Ça vous donnera plus de liberté pour Warson et l’immobilier?

Il est vrai que ça me passionne plus…

On vous doit la transformation de la «Tour Landi», à Aigle…

J’ai eu la chance de pouvoir racheter cette friche industrielle, et mon architecte m’a convaincu de transformer ce bâtiment. Ce qui m’intéresse, ce n’est pas seulement faire de l’immobilier, mais que ça ait de la gueule, en recourant à de beaux matériaux. Et puis que les occupants soient contents.

L’enveloppe du bâtiment interpelle…

Un gag ! On voulait faire ressortir un effet granit et finalement ça a plus un effet boîte de nuit, parce que ça scintille un peu trop la nuit. Mais bon, les gens trouvent ça sympa.

D’autres passions?

J’aime aussi les motos, les Harley mais aussi les Café Racers. Je vais aussi recréer des motos japonaises, notamment des Honda 750, des 4 pattes comme on disait dans les années 70. Ça colle parfaitement à l’image de Warson Motors. Je possède aussi un Morane de la fin des années 40 que j’ai entièrement restauré. Mais pour le moment, il ne vole pas.

Les années 60 et 70 continuent de fasciner?

Tout ce qui est vintage fait rêver. On part du principe que l’avenir est dans le passé. Avec la mondialisation, l’informatique, tout est devenu aseptisé. Il y a qu’à mettre tout dans un ordi et on crée une bagnole en 5 minutes. On a un peu de Peugeot, un peu de Toyota, un peu de Ferrari, on fait une petite mélasse avec ça et on obtient une bagnole sympa. Et il n’y a rien qui fasse rêver.

Ce qui n’est pas le cas de la voiture que vous êtes en train de restaurer?

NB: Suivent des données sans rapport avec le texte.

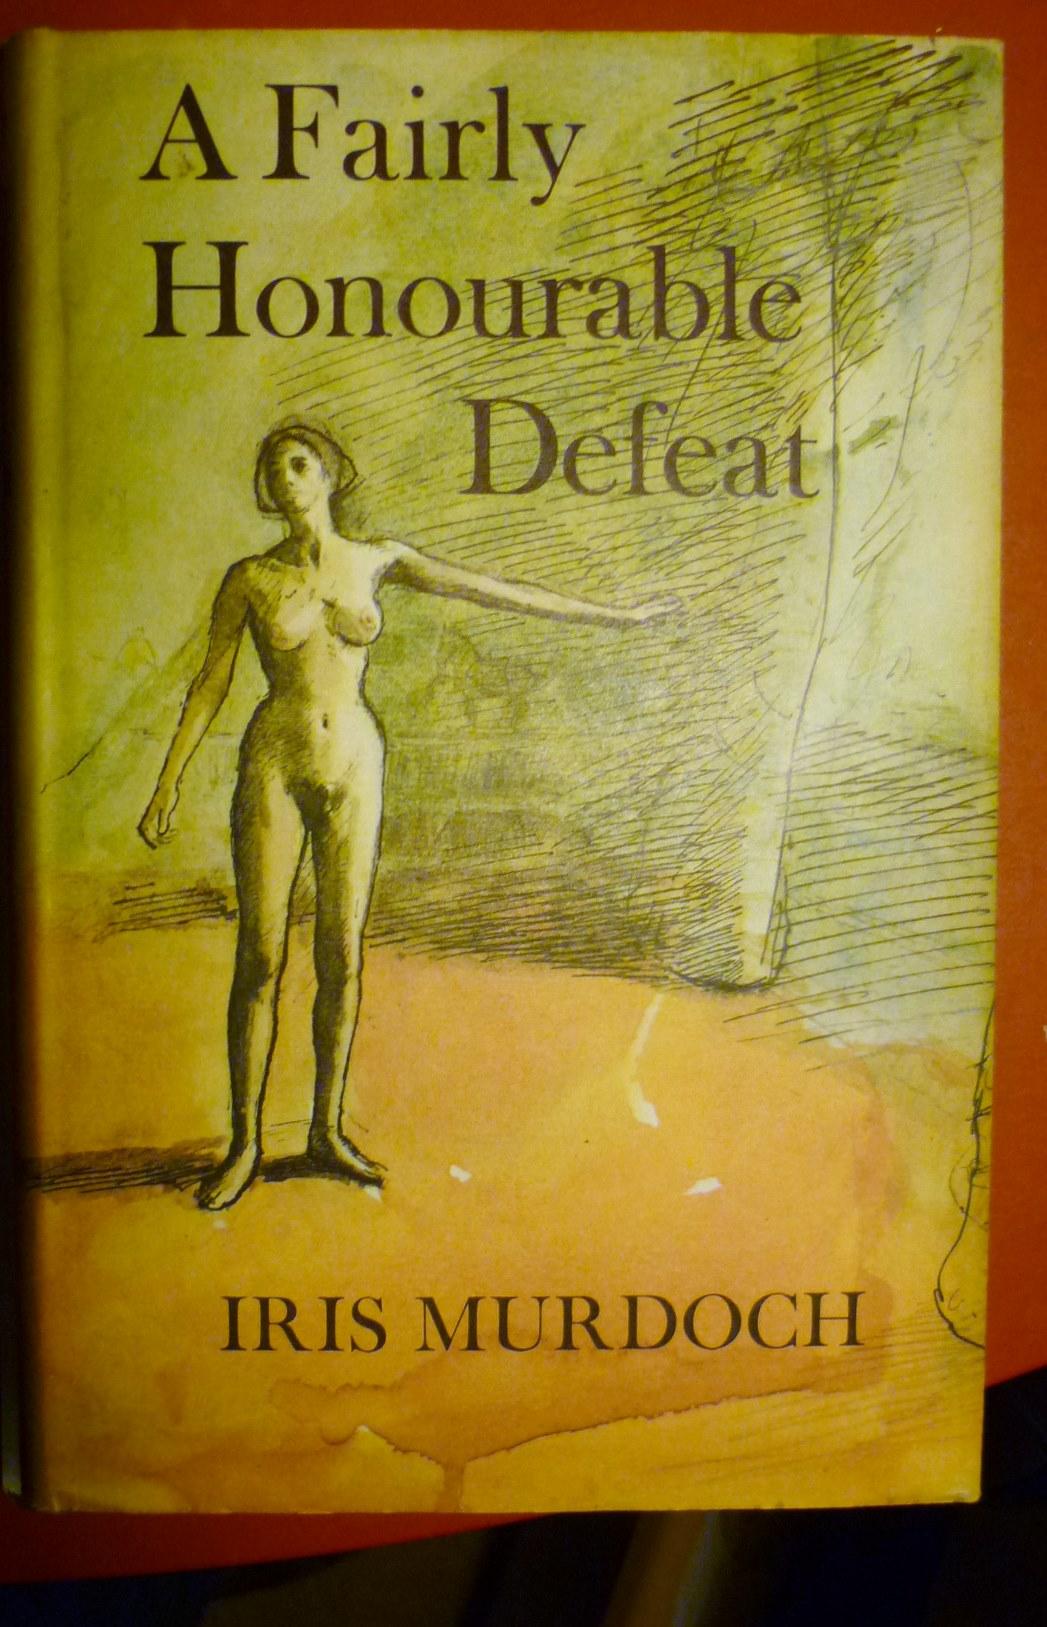 Iris Murdoch:  A Fairly Honourable Defeat

On a la grande chance que mon père et mon oncle étaient amis de Drogo, le carrossier italien qui travaillait pour Ferrari. C’est pour ça que cette Cegga Ferrari ressemble comme deux gouttes d’eau à une Ferrari P2. En fait, Drogo avait quatre ou cinq tôliers chez Ferrari. Ces derniers ont pris le pare-brise d’une P4, l’ont placé sur la voiture venue de Suisse et ils ont réalisé une forme à la sauce du moment. Je ne veux pas perdre l’ADN de cette voiture. Drogo avait conçu spécialement pour elle une espèce d’avant de requin.

MAIS COMMENT EST-CE QU’ILS ONT FAIT POUR METTRE UN 12-CYLINDRES DANS CETTE PETITE VOITURE ?

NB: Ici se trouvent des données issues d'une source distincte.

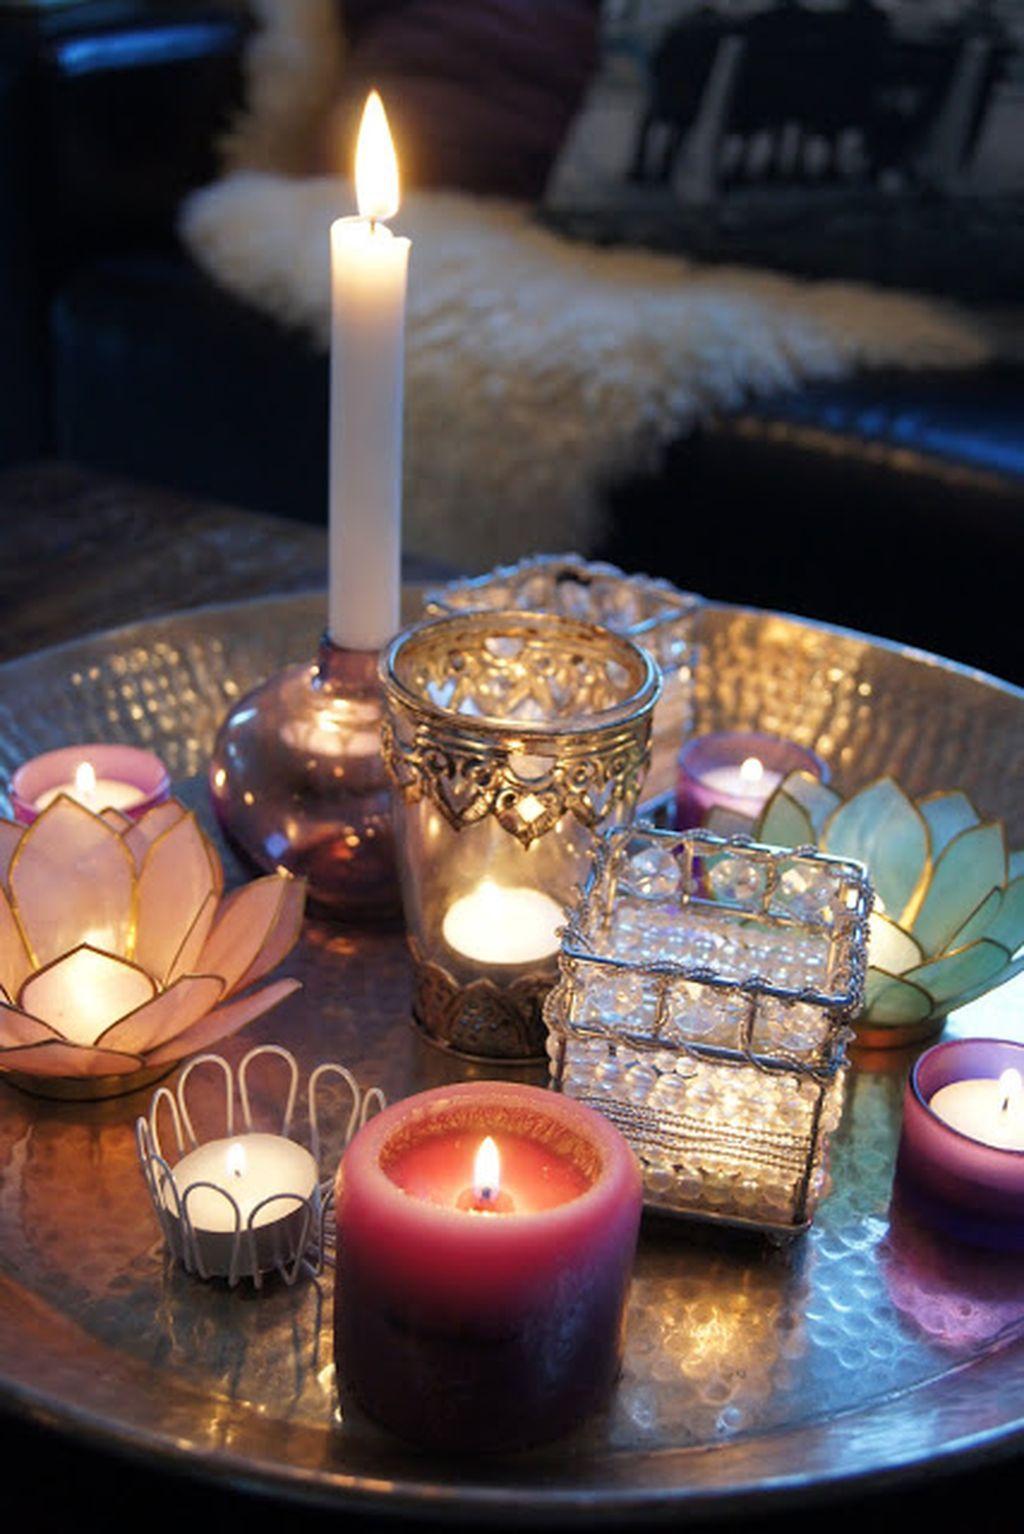 96+ Comfy Boho Chic Style Bedroom Design Ideas | Easy home ...

Des choses qui vous surprennent quand vous mettez le nez dans cette voiture?

Je me dis chaque fois : mais comment est-ce qu’ils ont fait pour mettre un 12-cylindres dans cette petite voiture ?

Que ressentez-vous quand vous voyez votre père et votre oncle réunis dans cet atelier de St-Triphon?

Ça me fait plaisir. Parce que c’est l’âme de la voiture. C’est extraordinaire d’avoir, après autant d’années, les mécanos de l’époque. C’est aussi ça qui va faire la valeur de la restauration.

Vous les avez «relancés»?

On les a revitalisés. Mon père est de 1931. Certains, qui ont 15 ans de moins, paraissent vieux à côté. Je ne sais pas comment il fait, d’ailleurs tout le monde se pose des questions.

Vous admirez aussi beaucoup votre oncle?

Oui, parce que mon oncle, c’est un puriste, un gars qui a toujours été anti-commercial.